Egypt’s economy bouncing back after recent upheavals but IMF urges caution

Growth is forecast at 3.8% but clear economic plan may be lacking

A fruit vendor  at a Cairo market. Government interventions aim to improve life for Egyptians. Photograph: Mahmoud Khaled/AFP/Getty Images
A fruit vendor at a Cairo market. Government interventions aim to improve life for Egyptians. Photograph: Mahmoud Khaled/AFP/Getty Images

The Egyptian economy has begun to show signs of recovery from the turmoil that followed the 2011 ousting of then president Hosni Mubarak during the Arab Spring uprising.

The International Monetary Fund has predicted the country's growth rate could reach 3.8 per cent during the fiscal year 2014-2015, while finance minister Kadry Dimian says growth in the fourth quarter of 2013-2014 is expected to come in at 3.5 per cent. The Egyptian fiscal year runs to June 30th.

Over the past six months, the government, under Prime Minister Ibrahim Mahlab, has reduced fuel subsidies, raised corporate and personal income tax, developed vouchers for subsidised food items, and launched a labour-intensive project to increase traffic through the Suez canal.

The Egyptian ministry for social solidarity has announced plans to increase beneficiaries of pensions as well as recipients of subsidised foods. Due to the fall in the price of oil, Egypt has reduced expenditure on petroleum products by a quarter.

READ MORE

Improvement in security has prompted domestic investors to purchase $8.5 billion (€6.8 billion) worth of investment certificates in the Suez canal project while the Egyptian stock market has made gains. In October, Moody’s rating agency upgraded Egypt’s position to “stable”.

Improvement in the economic climate has prompted Gulf governments to provide fresh aid. In October, the United Arab Emirates and Egypt signed an aid agreement valued at $4.9 billion (€3.9 billion) and additional funds and fuel shipments are due.

Saudi pledge

Saudi Arabia

has pledged $5 billion in grants, deposits in the cash-strapped Central Bank and fuel.

Kuwait

is to provide a $1 billion grant to Egypt and led a major Kuwaiti property firm, al-Manshar, to sign a contract for commercial, residential and entertainment properties at a $2 billion cost.

The Islamic Development Bank has allocated $220 million for an electricity project connecting the Egyptian-Saudi grids and integrating Egypt’s network with those of the Gulf Co-operation Council.

However, the IMF has called on the government to continue to cut subsidies and reduce its budget deficit.
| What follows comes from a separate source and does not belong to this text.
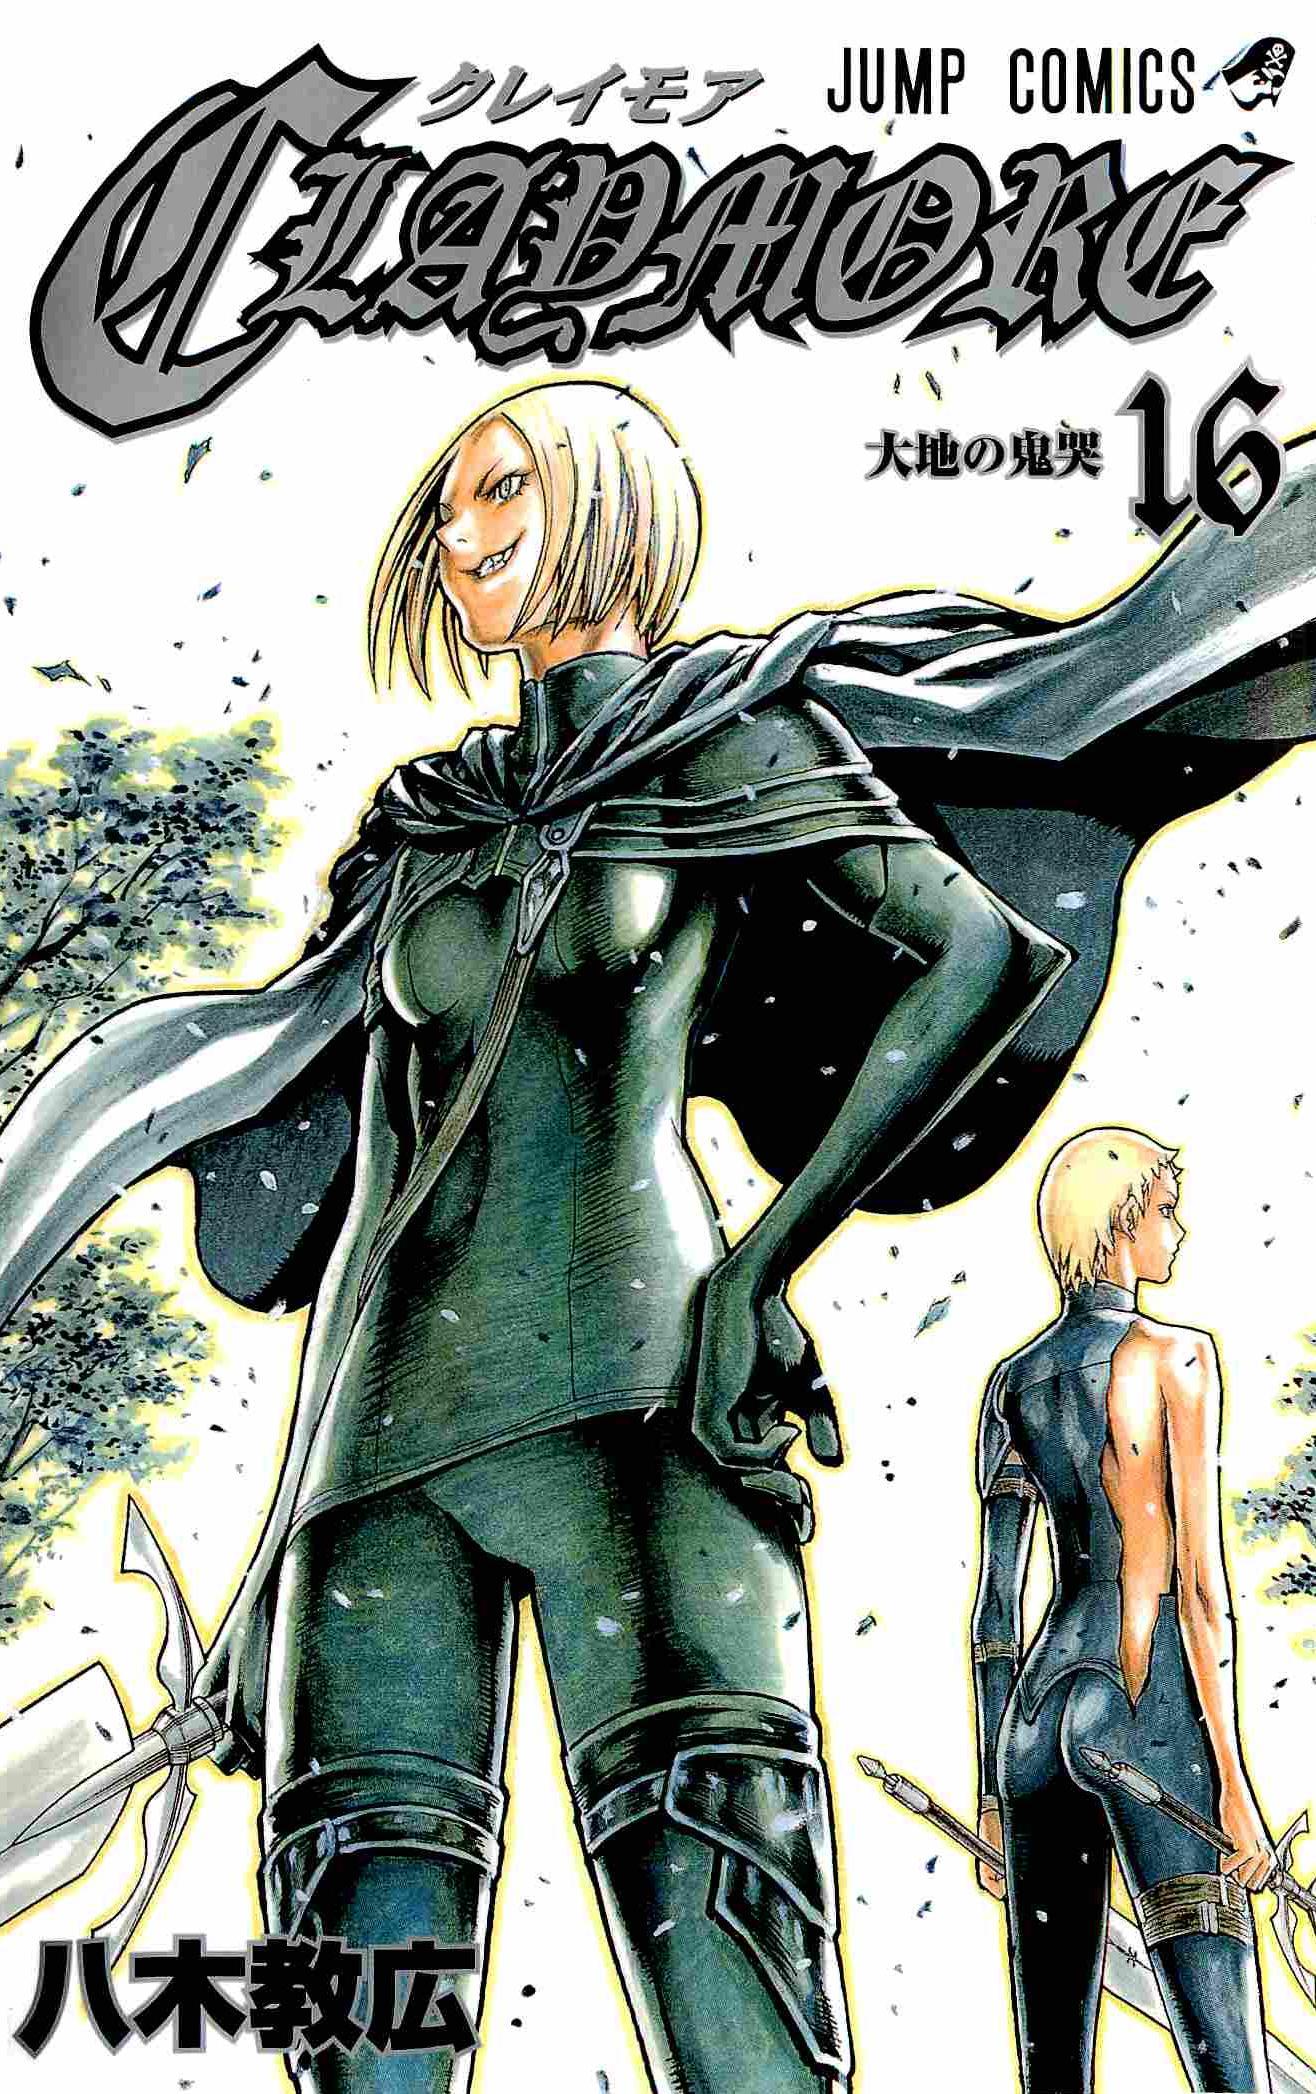 http://img1.wikia.nocookie.net/__cb20100831205649/claymore/images/8/8b/Claymore_manga_v16.jpg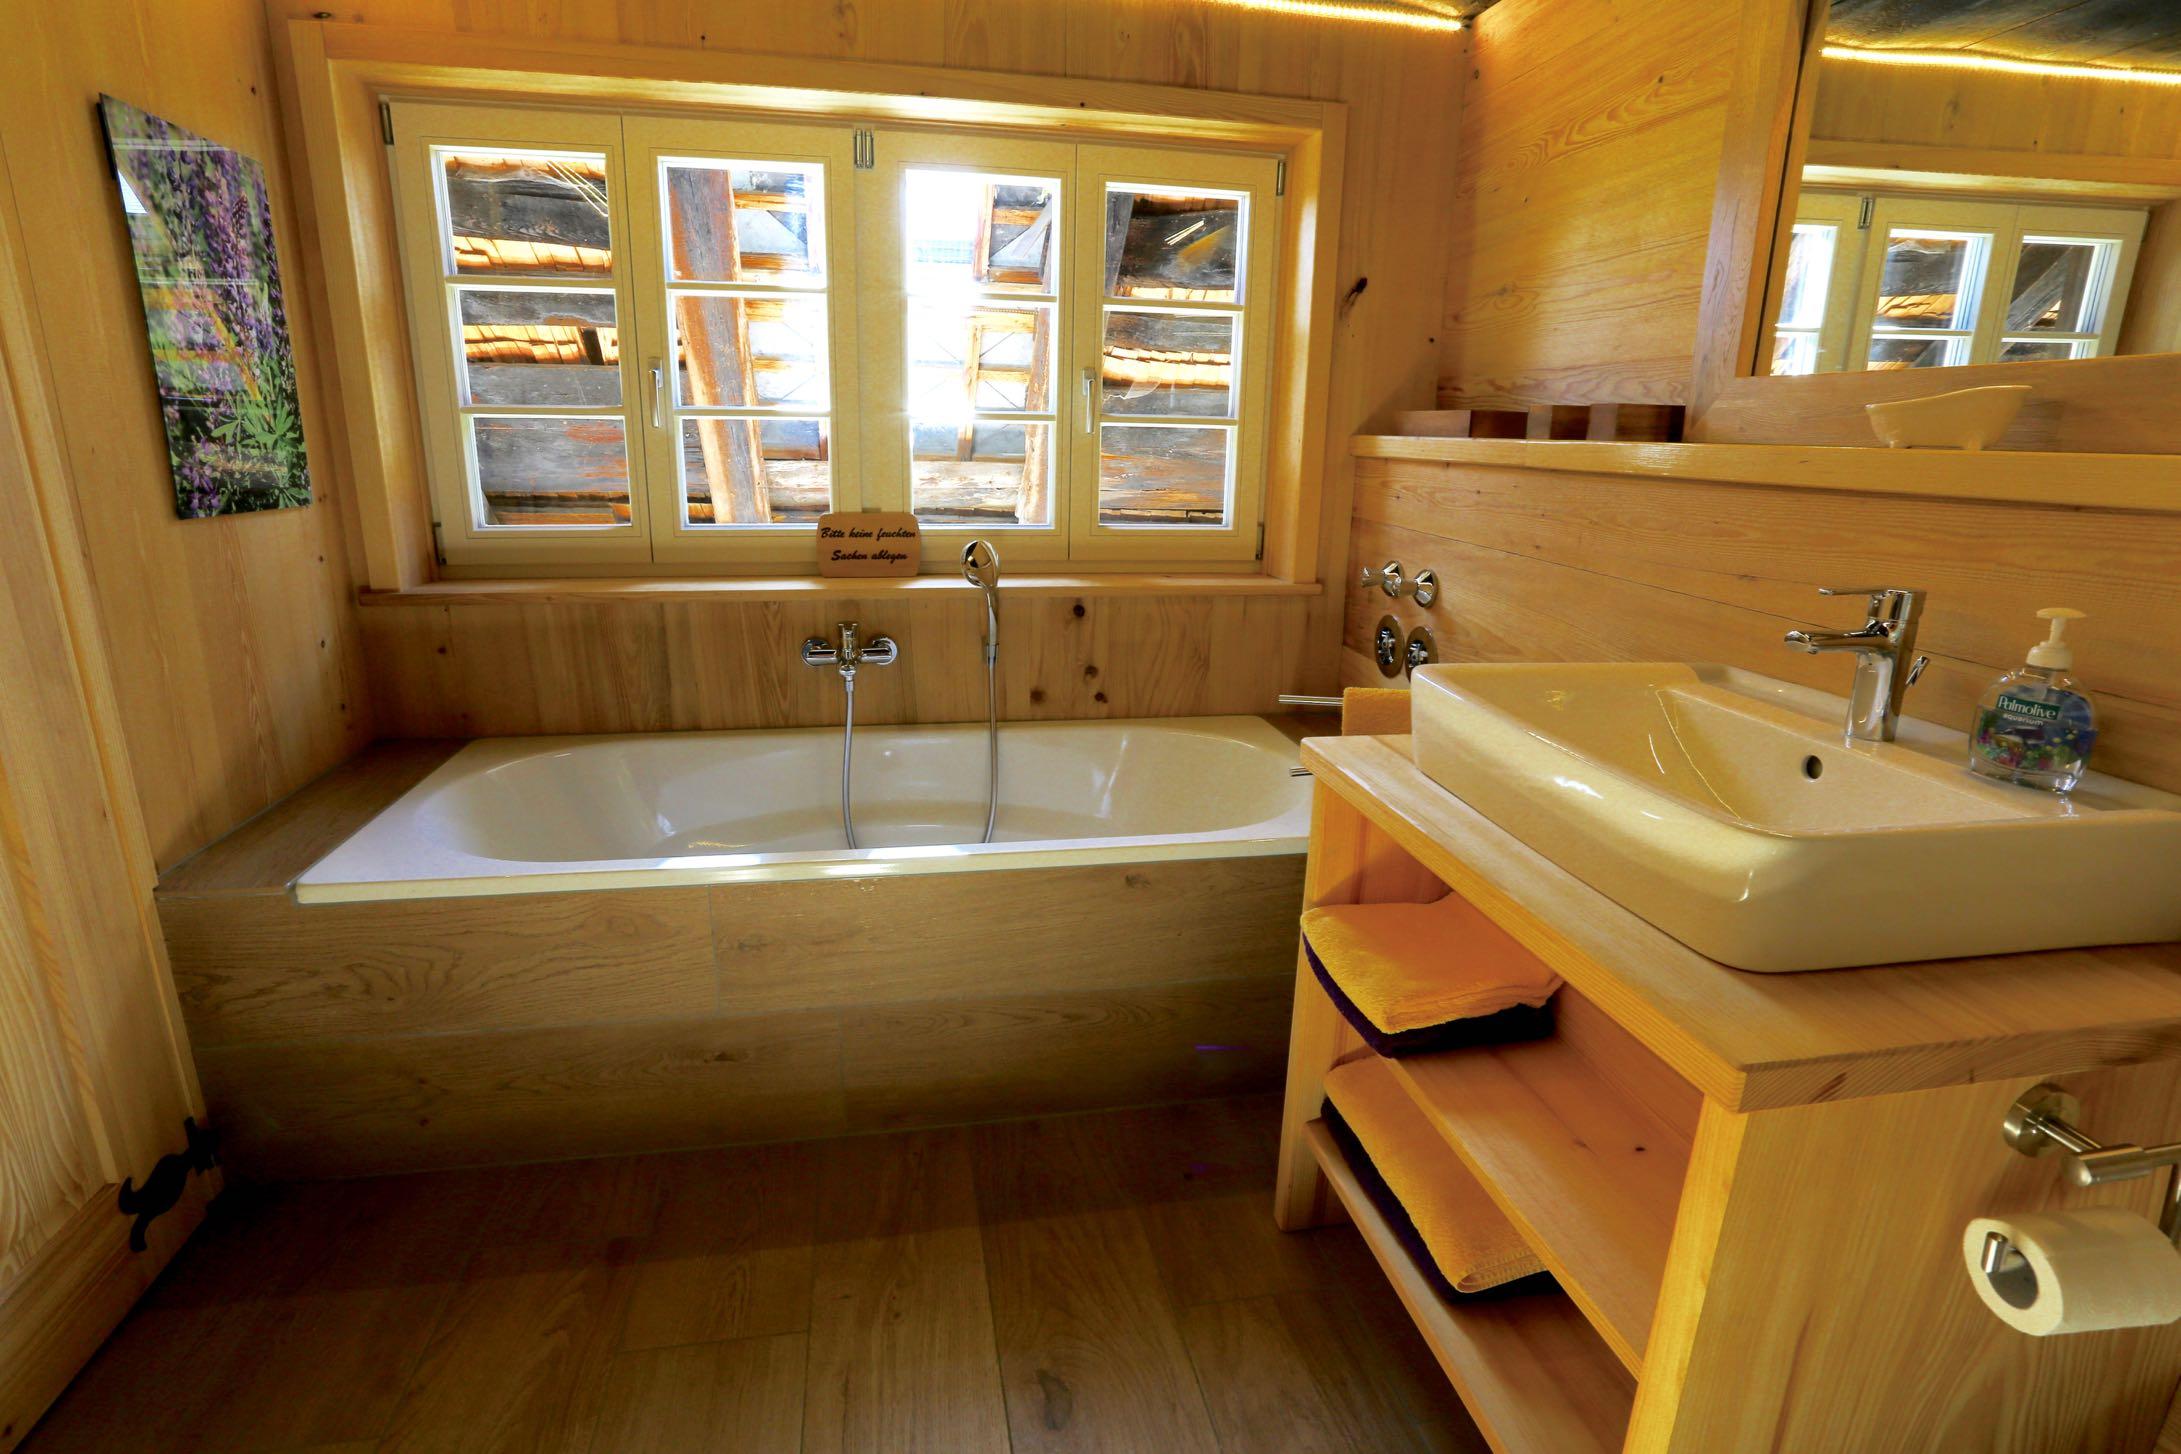 maierhof urlaub im denkmal. Black Bedroom Furniture Sets. Home Design Ideas

An economist consulted by The Irish Times said that even if the 3.8 growth rate is attained, it does not make up for the low rate of 1-2 per cent over the past four years or provide for population growth of 2.6 per cent. To achieve this objective, he said, growth must be 8 per cent.

He argued there was no plan to guide development, launch major reforms or tackle corruption before there can be real economic advancement.

According to former deputy prime minister Ziad Bahaa Eldin, writing in Ahram Online, the government has not put forward policies for upgrading the educational and health systems, providing for youth employment or developing upper Egypt, the most impoverished region. Despite talk of boosting the private sector, the public sector is rapidly expanding, particularly in service and tourism industries, he wrote.

On the practical level, a power shortage has cut production and profits of major companies which have been operating at 60-70 per cent capacity while blackouts are frequent.

The government is pinning its hopes on a mid-March conference in Sharm al-Sheikh. The gathering is meant to convince international donors and foreign investors to fund major development and infrastructure projects. Mahlab has promised investor-friendly laws in force by then.

Exodus to Libya

Meanwhile, Egyptian workers line up outside the Libyan embassy in Cairo seeking employment visas despite the turmoil in Benghazi and Tripoli. Until 2011, Egyptian workers had been able to enter

Libya

and reside there without visas but this ended with the fall of

Muammar Gadafy

when restrictions were imposed and many of the 170,000 Egyptians in Libya returned home to find themselves without jobs. Desperation makes them dice with death at the hands of fundamentalist militias.